Paragraph (a) as amended by L. 1999, Ch. 268, effective July 20, 1999. .

(b) A claimant shall not be disqualified from receiving benefits for separation from employment due to any compelling family reason. For purposes of this paragraph, the term "compelling family reason" shall include, but not be limited to, separations related to any of the following: .

(i) domestic violence, verified by reasonable and confidential documentation which causes the individual reasonably to believe that such individual's continued employment would jeopardize his or her safety or the safety of any member of his or her immediate family. .

(ii) the illness or disability of a member of the individual's immediate family. For the purposes of this subparagraph: .

(A) The term "illness" means a verified illness which necessitates the care of the ill person for a period of time longer than the employer is willing to grant leave (paid or otherwise). .

(B) The term "disability" means a verified disability which necessitates the care of the disabled person for a period of time longer than the employer is willing to grant leave (paid or otherwise). "Disability" encompasses all types of disability, including: (1) mental and physical disability; (2) permanent and temporary disabilities; and (3) partial and total disabilities. .

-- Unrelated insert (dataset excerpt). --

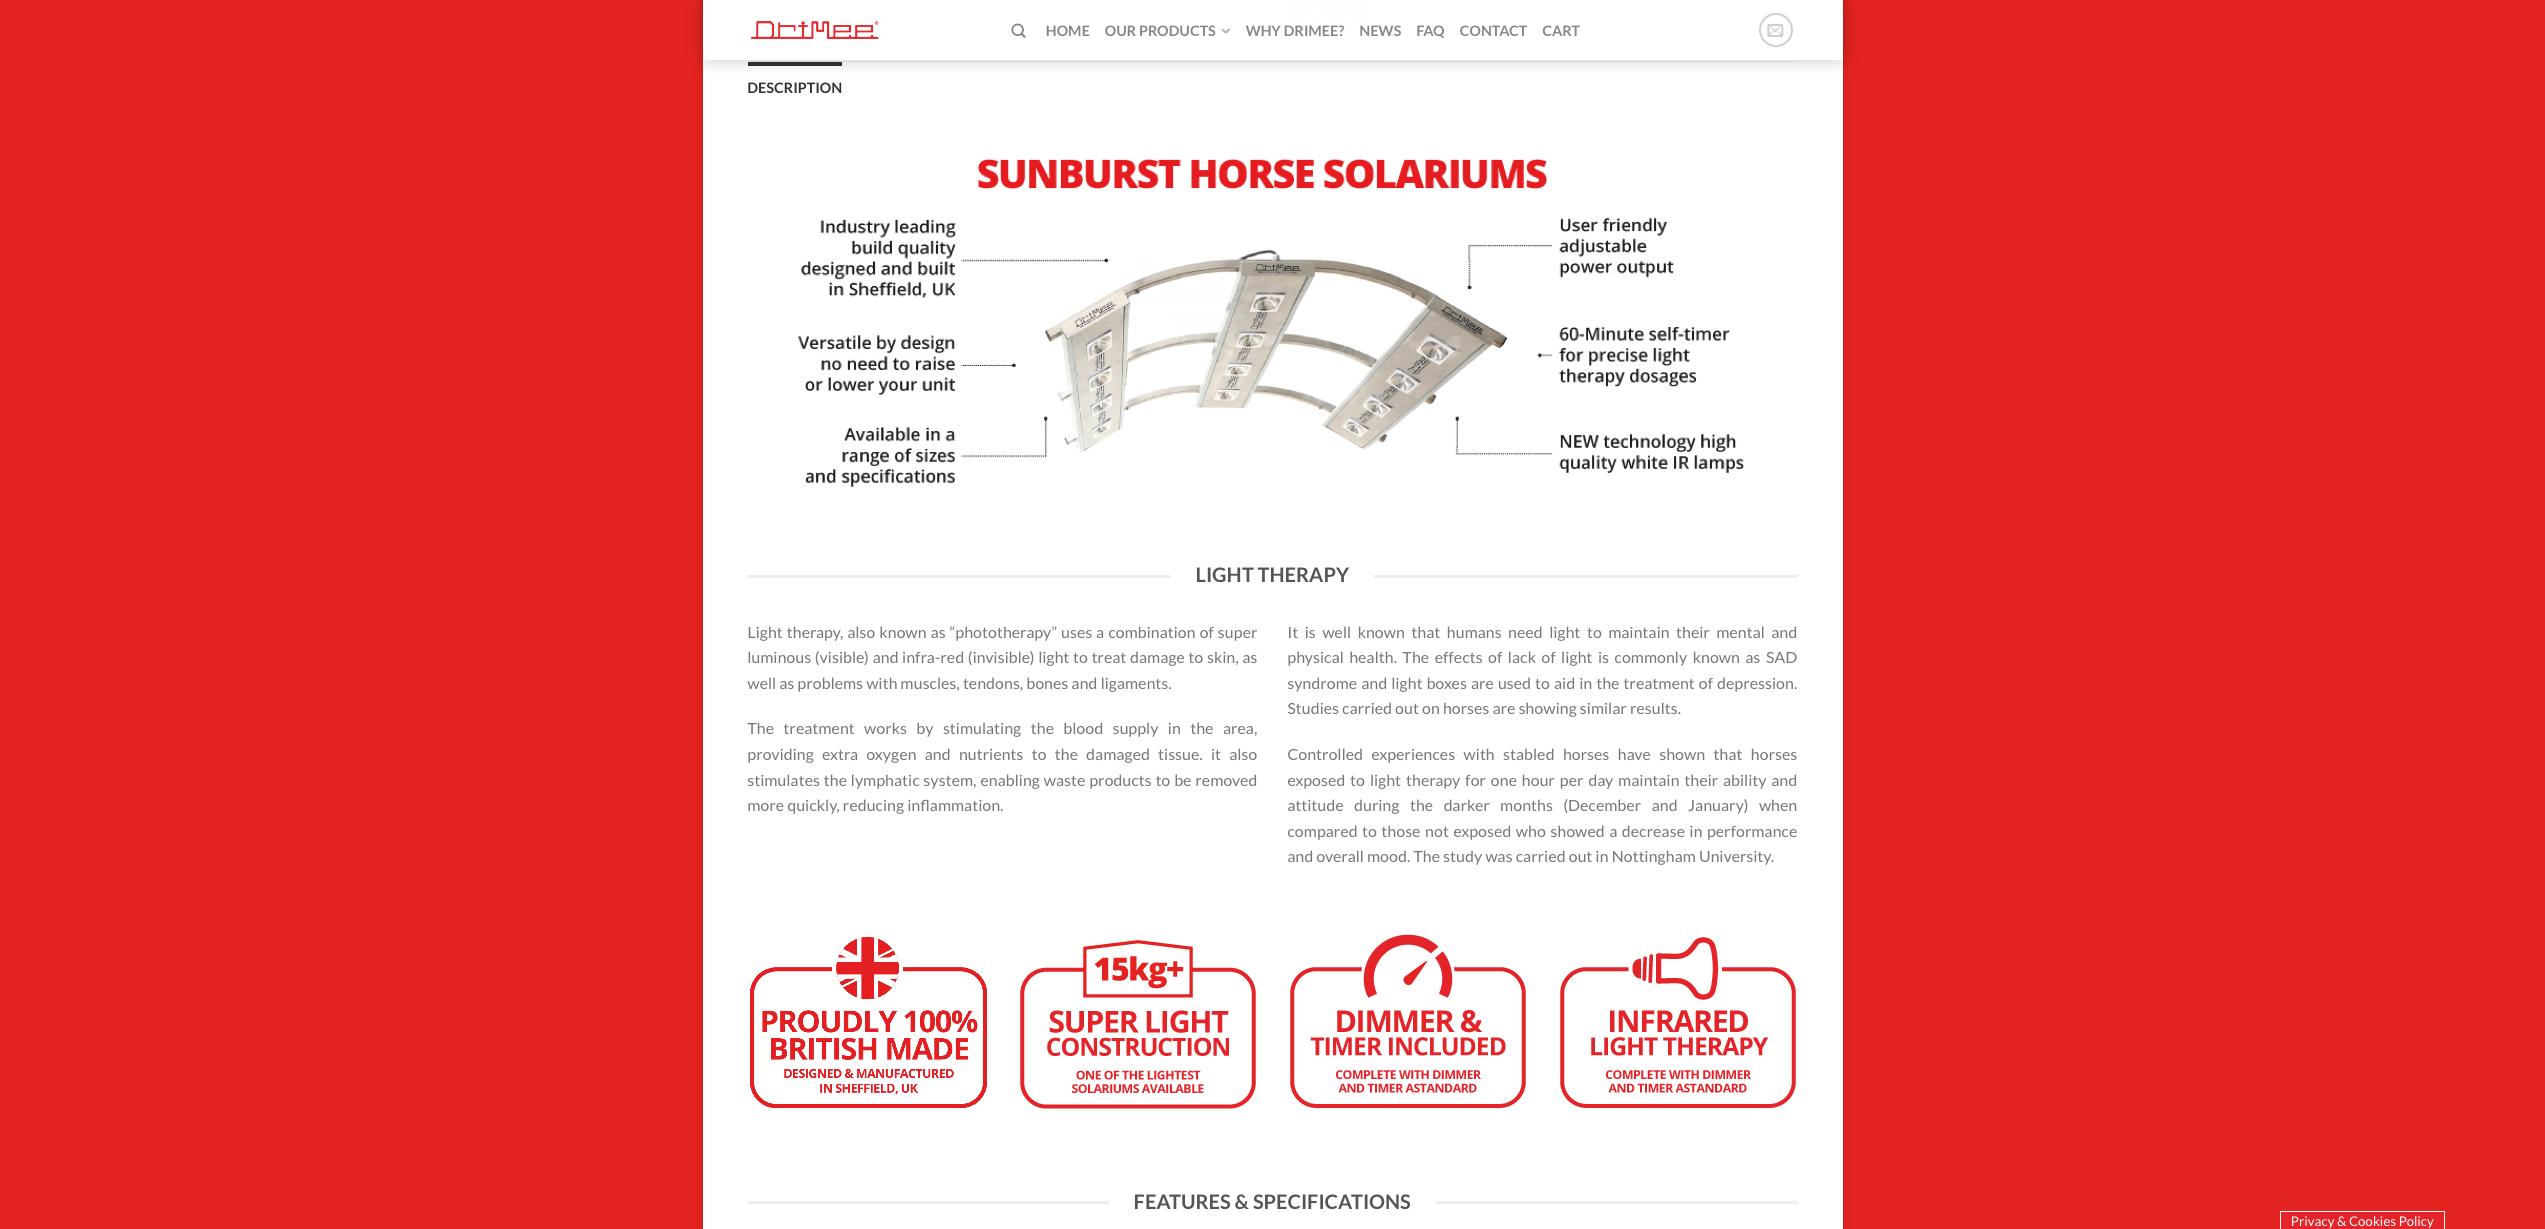 IDEA UK Design and Marketing Drimee Equestrian Horse Equipment Website Design 8

(iii) the need for the individual to accompany such individual's spouse (A) to a place from which it is impractical for such individual to commute and (B) due to a change in location of the spouse's employment. .

(c) A disqualification as provided in this subdivision shall also apply after a claimant`s voluntary separation from employment if such voluntary separation was due to claimant`s marriage. .

Subd. 1 as amended by L. 1981, Ch. 234 effective June 15, 1981, L. 1983, Ch. 415,
effective September 5, 1983, and L. 1987, Ch. 418, effective July 27, 1987, and further
amended by L. 1998, Ch. 589, effective April 1, 1999. .

Subd. 1 as amended by L. 2009, Ch. 415 effective May 20, 2009. .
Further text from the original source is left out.